In this updated Poisson regression model, the variable Foreign_born was added to assess whether being born outside the U.S. influences home ownership in Queens in 2023, alongside income. The results show that both income and nativity status are statistically significant predictors of home ownership. Specifically, individuals earning over $100,000 annually continue to show a strong positive association with home ownership, with a coefficient of 0.00006806 and a highly significant p-value (<2e-16). Additionally, being foreign-born is also positively associated with home ownership, with a coefficient of 0.06368 and a similarly significant p-value. Although the magnitude of the foreign-born effect is smaller compared to income, it still indicates that, holding income constant, foreign-born individuals are more likely to own homes than their U.S.-born counterparts. The residual deviance has further decreased from the previous model (from 48,991 to 47,562), and the AIC dropped to 48,223, indicating an improved model fit with the inclusion of nativity status. Overall, this model suggests that both higher income and being foreign-born are associated with increased likelihood of home ownership in Queens.

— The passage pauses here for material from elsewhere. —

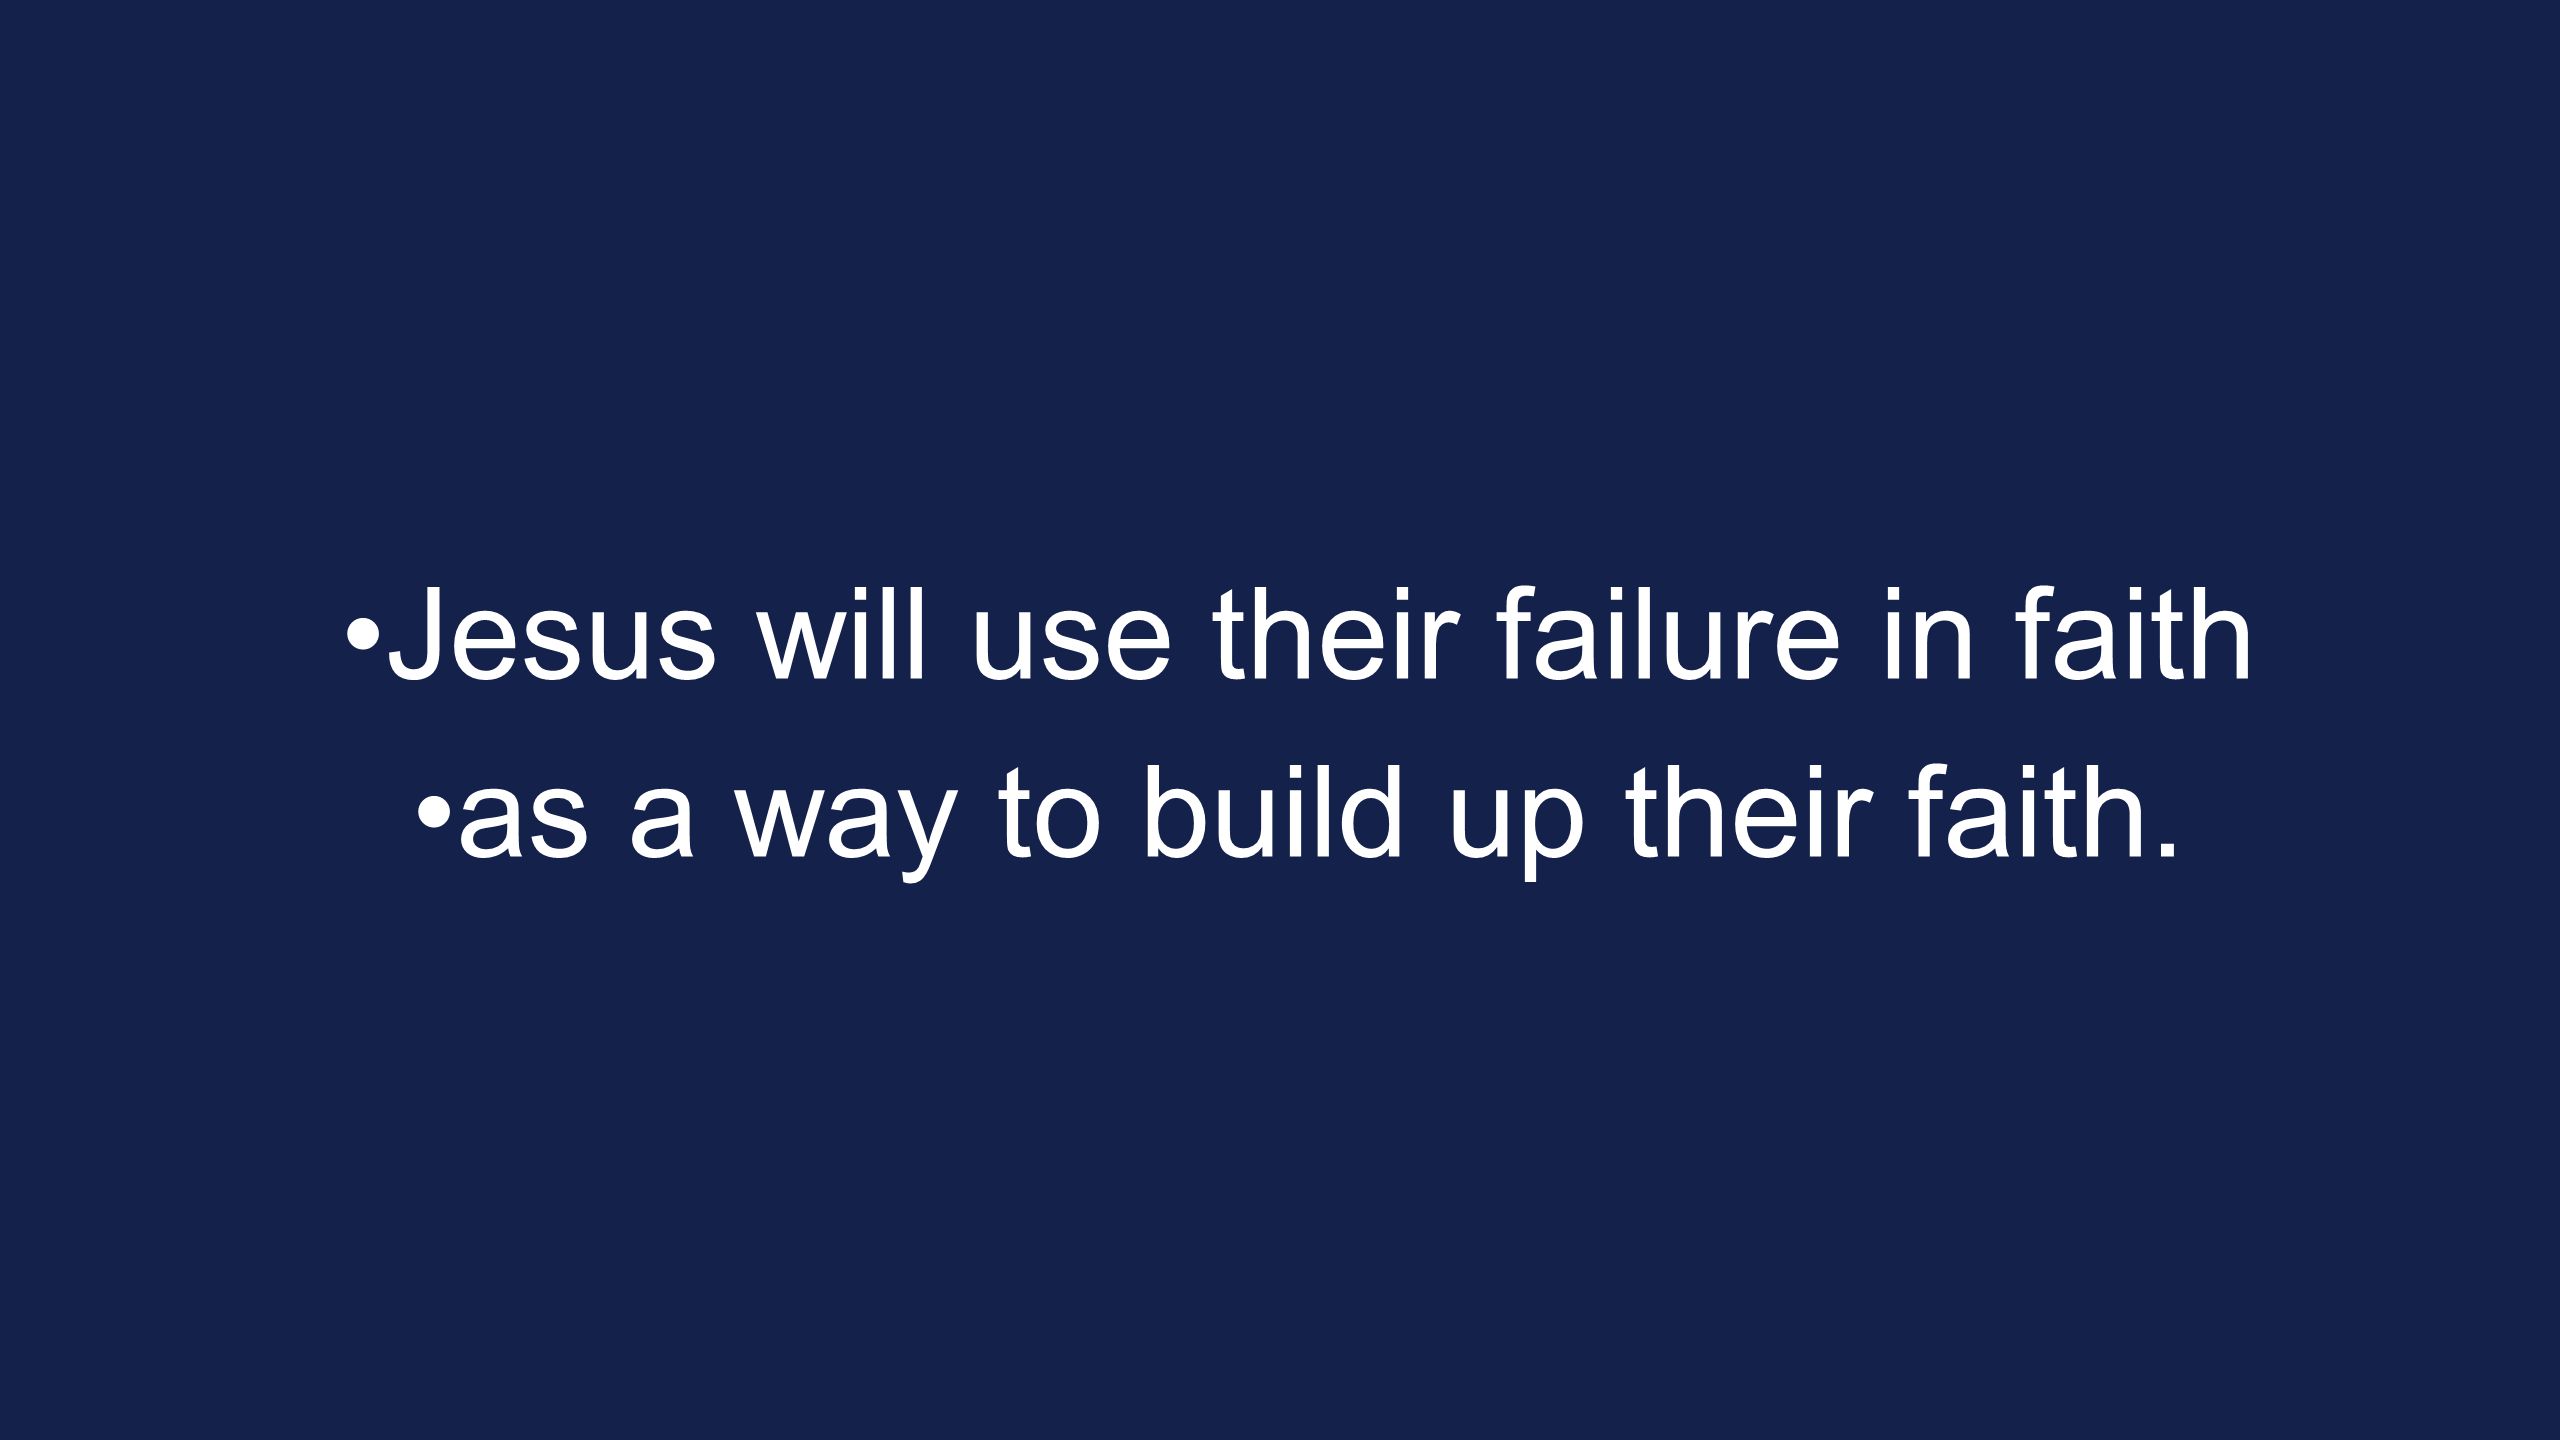 Jesus will use their failure in faith as a way to build up their faith.

Updated Marginal Effect of Income (with Nativity Included)

library(clarify)

# Simulate coefficients
sim_coefs2 <- sim(m2)

# Simulate average marginal effects
sim_est2 <- sim_ame(sim_coefs2, var = "Income_over_100k", contrast = "rd")

# Summarize the results
summary(sim_est2)
##                           Estimate 2.5 % 97.5 %
## E[dY/d(Income_over_100k)]    0.402 0.393  0.410

After incorporating nativity status (Foreign_born) into the regression model, the average marginal effect of earning over $100,000 on home ownership in Queens was re-estimated using simulated coefficients. The new marginal effect is approximately 0.402, with a 95% confidence interval ranging from 0.394 to 0.410. This means that, holding nativity constant, individuals earning over $100K are about 40 percentage points more likely to own a home than those earning less. Compared to the previous model without nativity status (which showed an effect of ~49.7 percentage points), the effect of income has decreased slightly, suggesting that part of the income effect may have been confounded with nativity status. Nonetheless, income remains a strong and statistically significant predictor of home ownership. Including nativity provides a more nuanced and accurate picture of the socioeconomic factors influencing home ownership in Queens.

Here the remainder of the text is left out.